简体   繁体   English

dplyr使用动态列进行汇总

[英]dplyr summarise with dynamic columns

I'm trying to use dplyr against my postgres database and am conducting a simple function. 我正在尝试对我的postgres数据库使用dplyr并且正在执行一个简单的功能。 Everything works if I parse the column name directly, however I want to do this dynamically (ie sort through each column name from another dataframe 如果我直接解析列名,一切都有效,但是我想动态地这样做(即从另一个数据帧中对每个列名进行排序)

The problem I'm geeting is for the first two calculations, i'm getting the right results 我正在考虑的问题是前两个计算,我得到了正确的结果

Assume the first dynamic column is called "id" 假设第一个动态列被称为“id”

pull_table %>%
    summarise(
        row_count = n(), 
        distinct_count = n_distinct(var) , 
        distinct_count_minus_blank = n_distinct(ifelse(var=="",NA,var)), 
        maxvalue = max(var), 
        minvalue = min(var), 
        maxlength = max(length(var)), 
        minlen = min(length(var))
    )  %>% 
    show_query()

The wrong result I get is obvious when you see the sql - sometimes id has '' around it so it's calculating as a string: 当你看到sql时,我得到的错误结果是显而易见的 - 有时候id有'',所以它计算为一个字符串:

<SQL>
SELECT 
    COUNT(*) AS "row_count", 
    COUNT(DISTINCT id) AS "distinct_count", 
    COUNT(
        DISTINCT CASE 
            WHEN ('id' = '') THEN (NULL) 
            WHEN NOT('id' = '') THEN ('id') 
        END) AS "distinct_count_minus_blank", 
    MAX('id') AS "maxvalue", 
    MIN('id') AS "minvalue", 
    MAX(LENGTH('id')) AS "maxlength", 
    MIN(LENGTH('id')) AS "minlen"
FROM "table"

You can see from this output that sometimes the calculation is happening on the column, but sometimes it's just happening on the string "id". 您可以从此输出中看到有时计算正在列上发生,但有时它只发生在字符串“id”上。 Why is this and how can I fix it so it calculates on the actual column rather than the string? 为什么这个以及如何修复它以便计算实际列而不是字符串?

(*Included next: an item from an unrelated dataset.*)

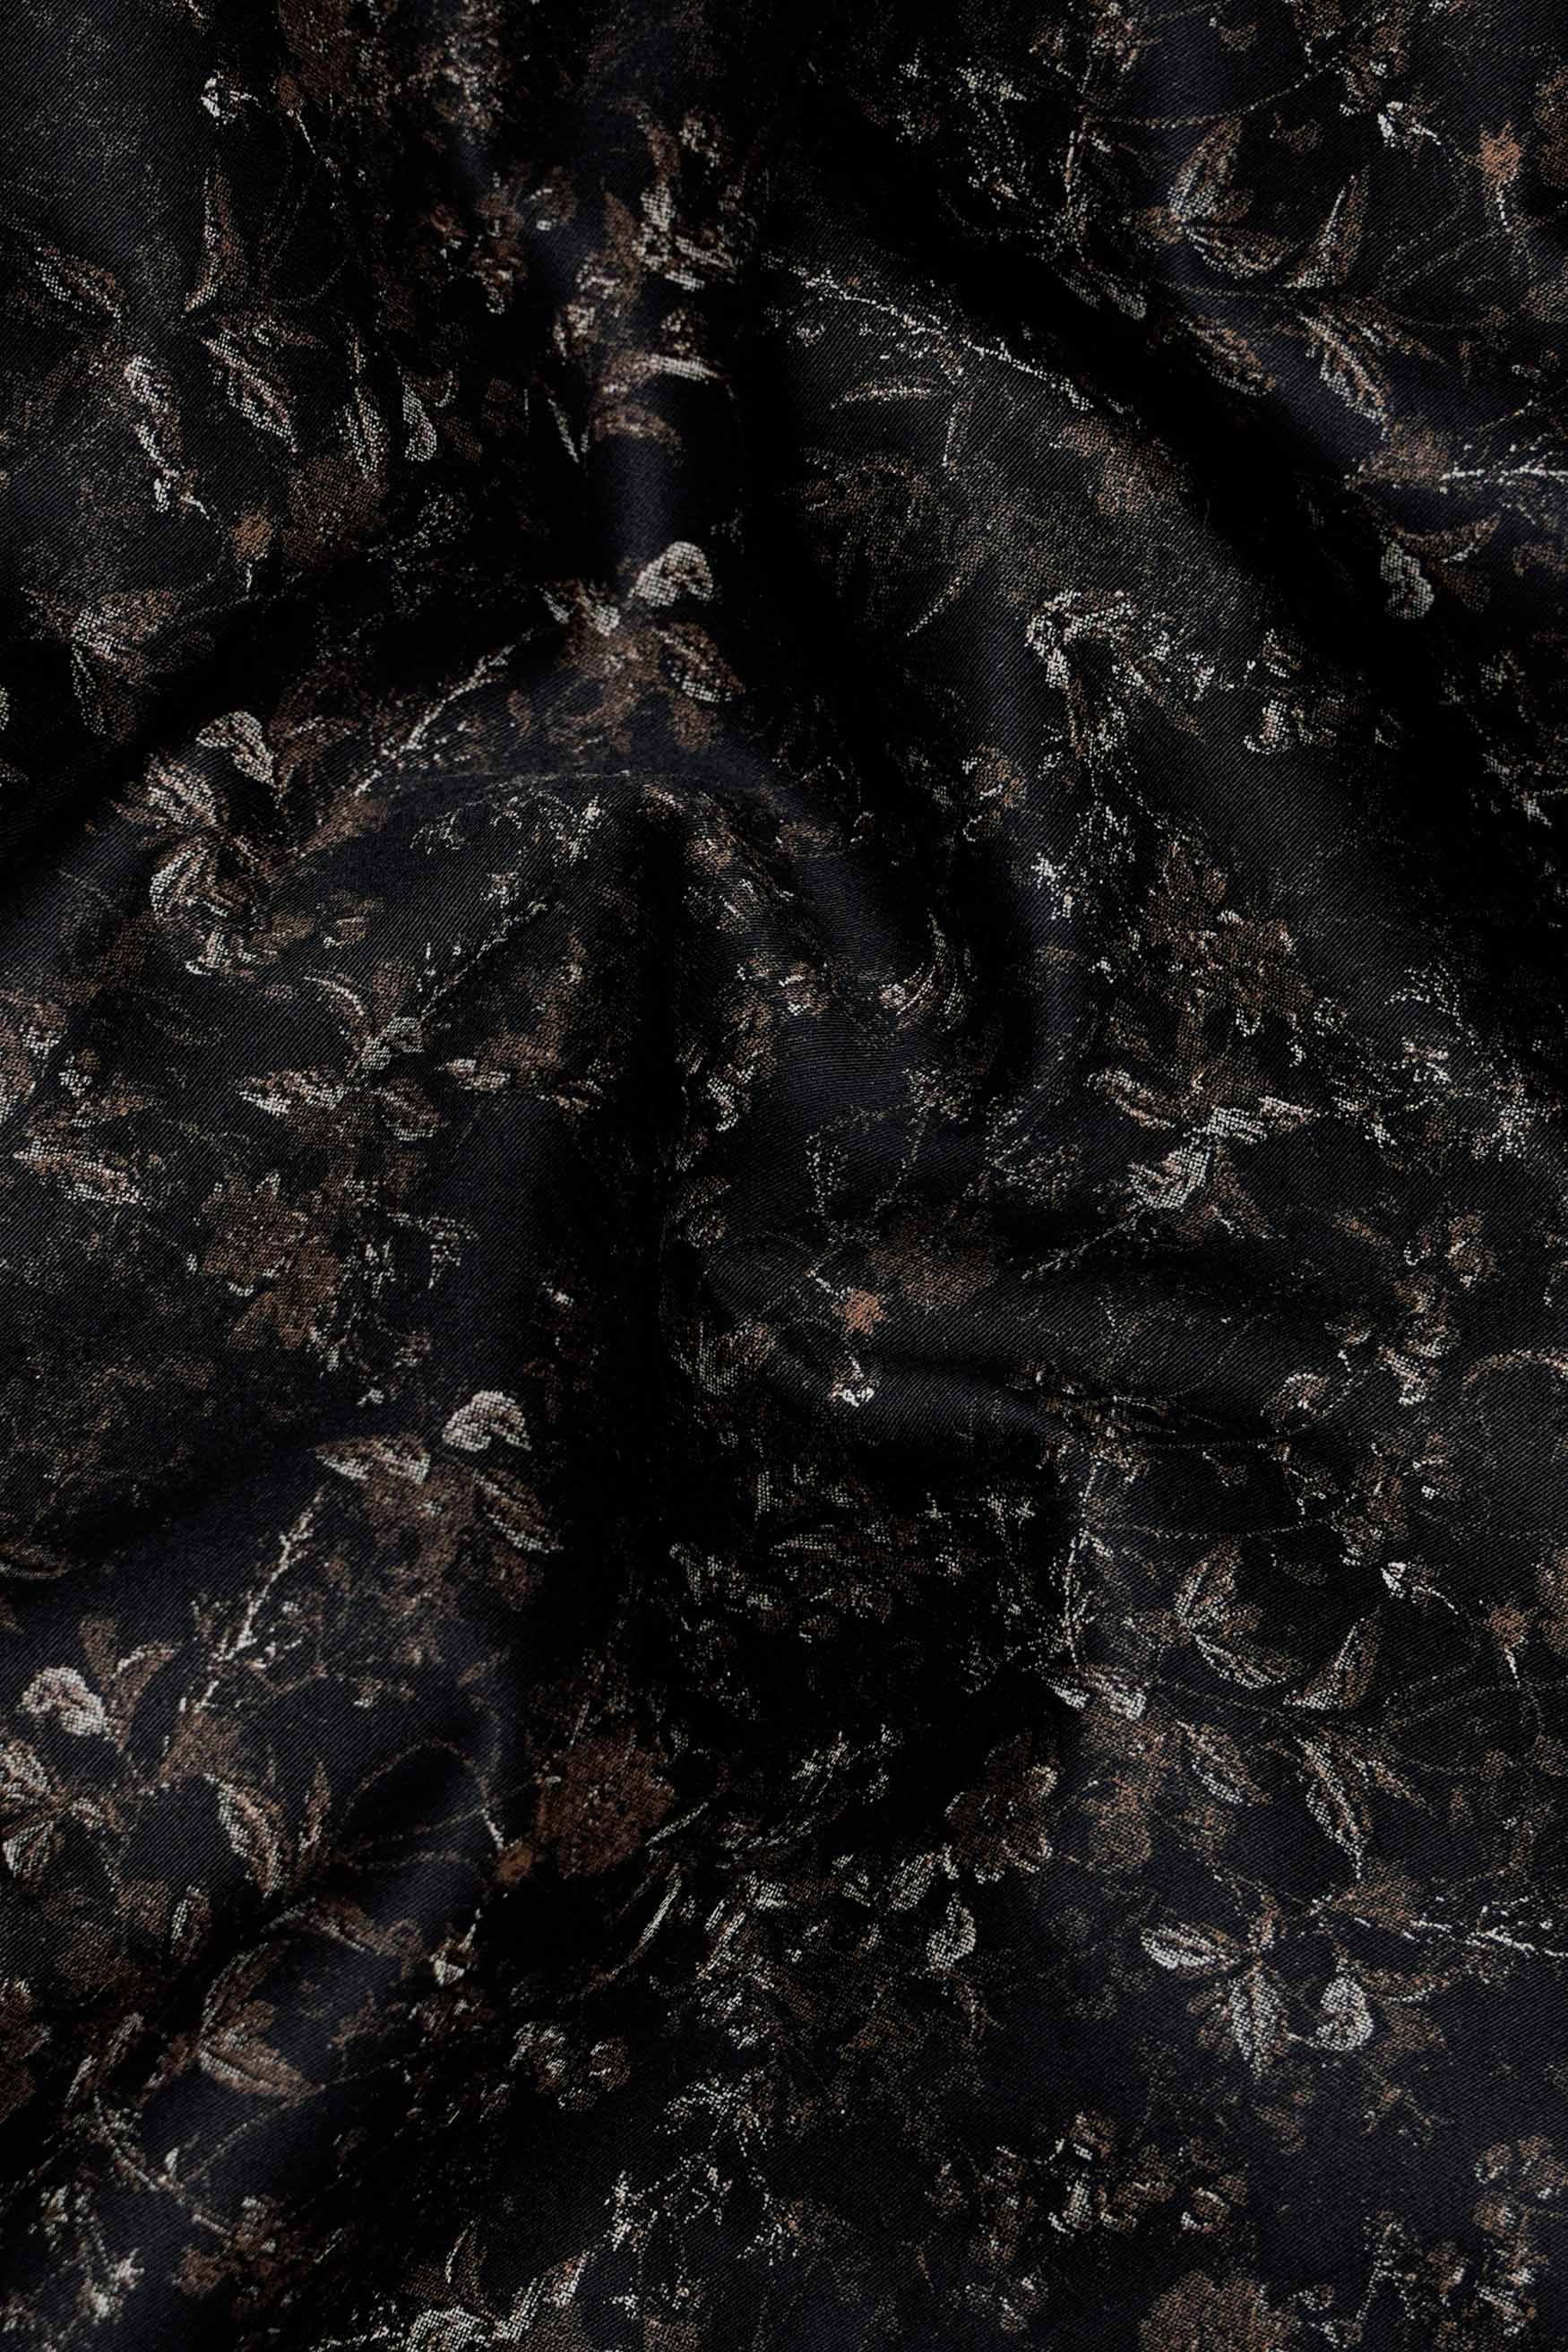 Jade Black with Birch Brown Floral Printed Subtle Sheen Super Soft Premium Cotton Shirt 11588-BLK-38, 11588-BLK-H-38, 11588-BLK-39, 11588-BLK-H-39, 11588-BLK-40, 11588-BLK-H-40, 11588-BLK-42, 11588-BLK-H-42, 11588-BLK-44, 11588-BLK-H-44, 11588-BLK-46, 11588-BLK-H-46, 11588-BLK-48, 11588-BLK-H-48, 11588-BLK-50, 11588-BLK-H-50, 11588-BLK-52, 11588-BLK-H-52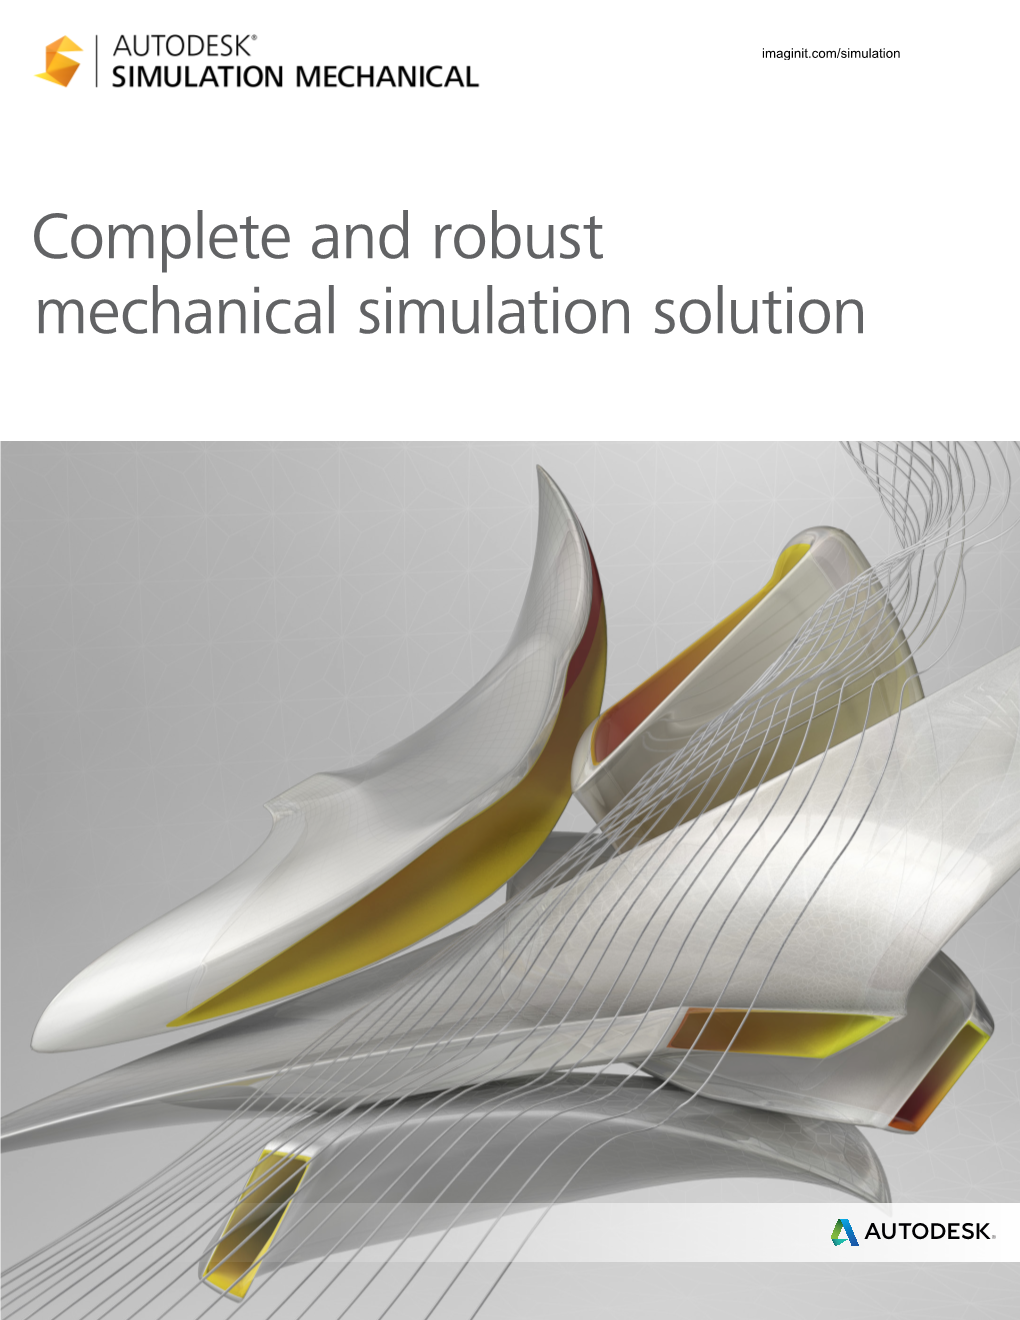 Autodesk Simulation Mechanical 2016 Overview Brochure

I think you should look at rlang::sym (which is imported by dplyr ). 我想你应该看一下rlang::sym (由dplyr导入)。

Assuming pull_table is a dataframe including id , some_numeric_variable and some_character_variable columns, you could write something like this: 假设pull_table是一个包含idsome_numeric_variablesome_character_variable列的数据帧,你可以写这样的东西:

xx = sym("id")
yy = sym("some_numeric_variable")
ww = sym("some_character_variable")
pull_table %>%
    summarise(
        row_count = n(), 
        distinct_count = n_distinct(!!xx) , 
        distinct_count_minus_blank = n_distinct(ifelse(var=="", NA, !!xx)), 
        maxvalue = max(!!yy ), 
        minvalue = min(!!yy ), 
        maxlength = max(length(!!ww)), 
        minlen = min(length(!!ww))
    )

The sym() function turn a string variable into a name , which can be unquoted inside dplyr functions with the !! sym()函数将一个string变量转换为一个name ,该name可以在dplyr函数中取消引用!! operator. 运营商。 If you want more information, please take a look at the quasiquotation doc or this tuto . 如果您想了解更多信息,请查看quasiquotation doc此tuto

Unfortunately, since I didn't have any tbl_sql at hand, I couldn't test it with show_query . 不幸的是,由于我tbl_sql没有任何tbl_sql ,我无法使用show_query测试。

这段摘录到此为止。